We would like to thank our reviewers who provided important, timely, and supportive guidance to the authors of this special issue: Alan Hallsworth, University of Portsmouth Business School; Alexandre Mallard, MINES ParisTech; Alfons van Marrewijk, Vrije Universiteit Amsterdam; Alladi Venkatesh, UCI Paul Merage School of Business; Andrea Lucarelli, Lund University; Delphine Dion, ESSEC Business School; Fleura Bardhi, Cass Business School; Franck Cochoy, University of Toulouse-Jean Jaurès; Giana Eckhardt, Royal Holloway, University of London; Jonathan Elms, Massey University; Lene Juel Jacobsen, Copenhagen Business School; Mark Palmer, Queen’s University of Belfast; Niklas Hansson, University of Gothenburg; Özlem Sandikci, Istanbul Şehir University; Susi Geiger, University College Dublin.

Disclosure statement

No potential conflict of interest was reported by the authors.

Notes on contributors

Ronan de Kervenoael is a Professor of Marketing at Rennes Business School in France and network researcher at Aston University, UK. His wider research interests lie under the umbrella of retail, technology, and consumer behaviour, including the study of social, cultural, and technological transformations in how consumers and firms (re)organize their lives or strategies. His work has been published in Environment & Planning A, World Development, European Journal of Operational Research, Information Technology and People, Journal of Retailing and Consumer Services, Service Industries Journal, Telecommunication Policy, IJRDM.

Domen Bajde is Associate Professor at the University of Southern Denmark, where he heads the Consumption, Culture and Commerce research unit. He has published extensively on morality, consumption, and actor-network theory. His current research focuses on the development of moralized markets and high-technology markets.

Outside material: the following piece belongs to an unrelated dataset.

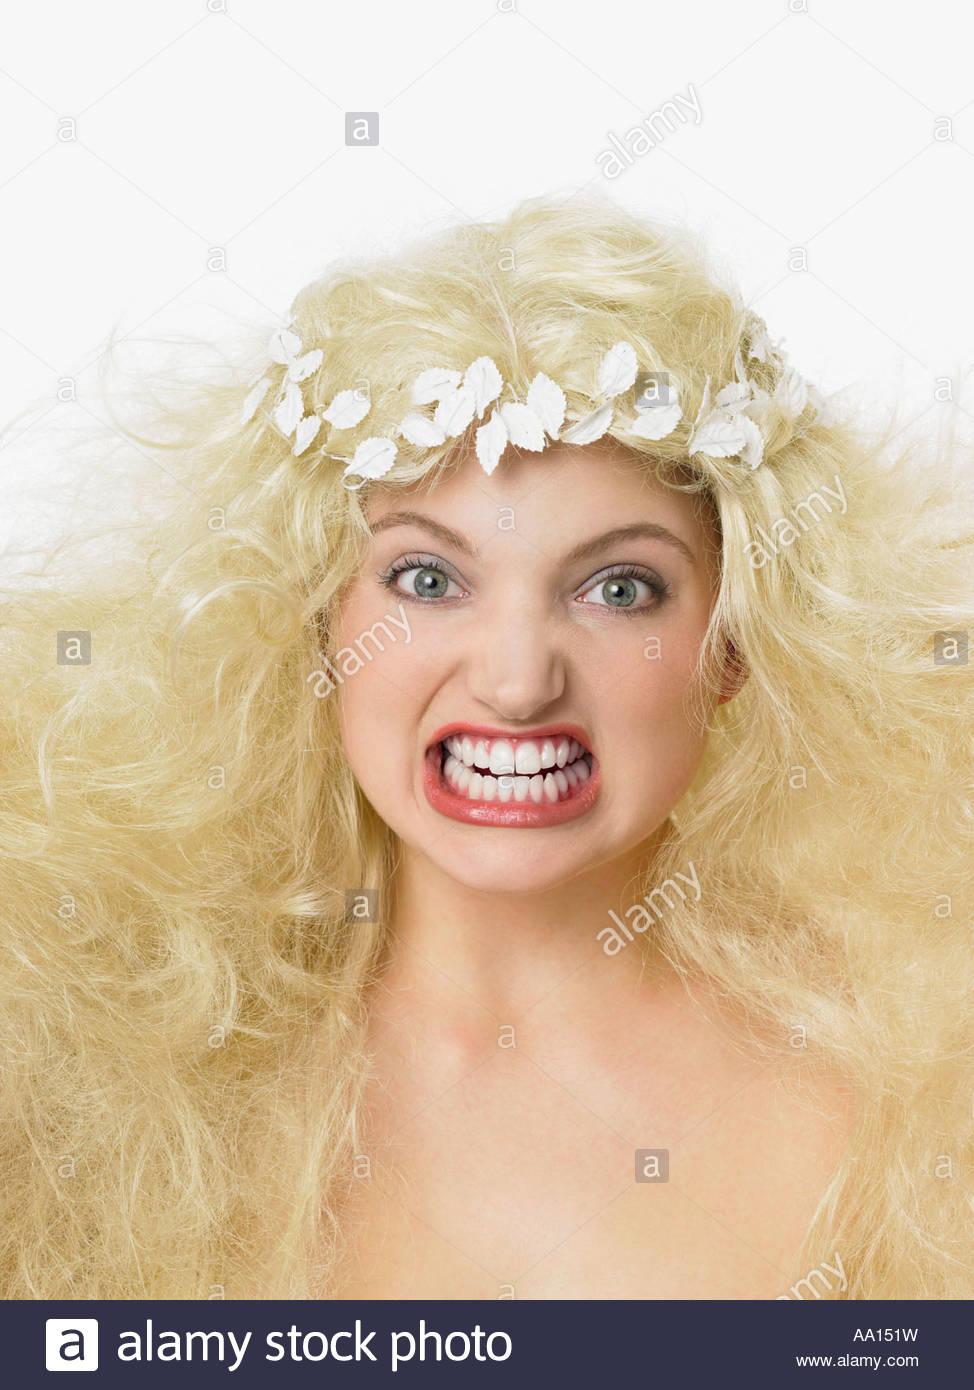 Woman grimacing - Stock Image

Alexandre Schwob is a lecturer at Abertay University in Dundee, UK. His main research interests are about digital transformation and Consumer Culture Theory (CCT). His research addresses these topics in various kinds of environments from both consumers’ and companies’ perspectives. In his publications, whether in Information Technology and People or in books such as Research in Consumer Behavior and Advances in Consumer Research, Alexandre has aimed to understand the stakes of digital consumption. He is intensely interested by the way market-actors make sense and shape digital technologies and social media marketing strategy.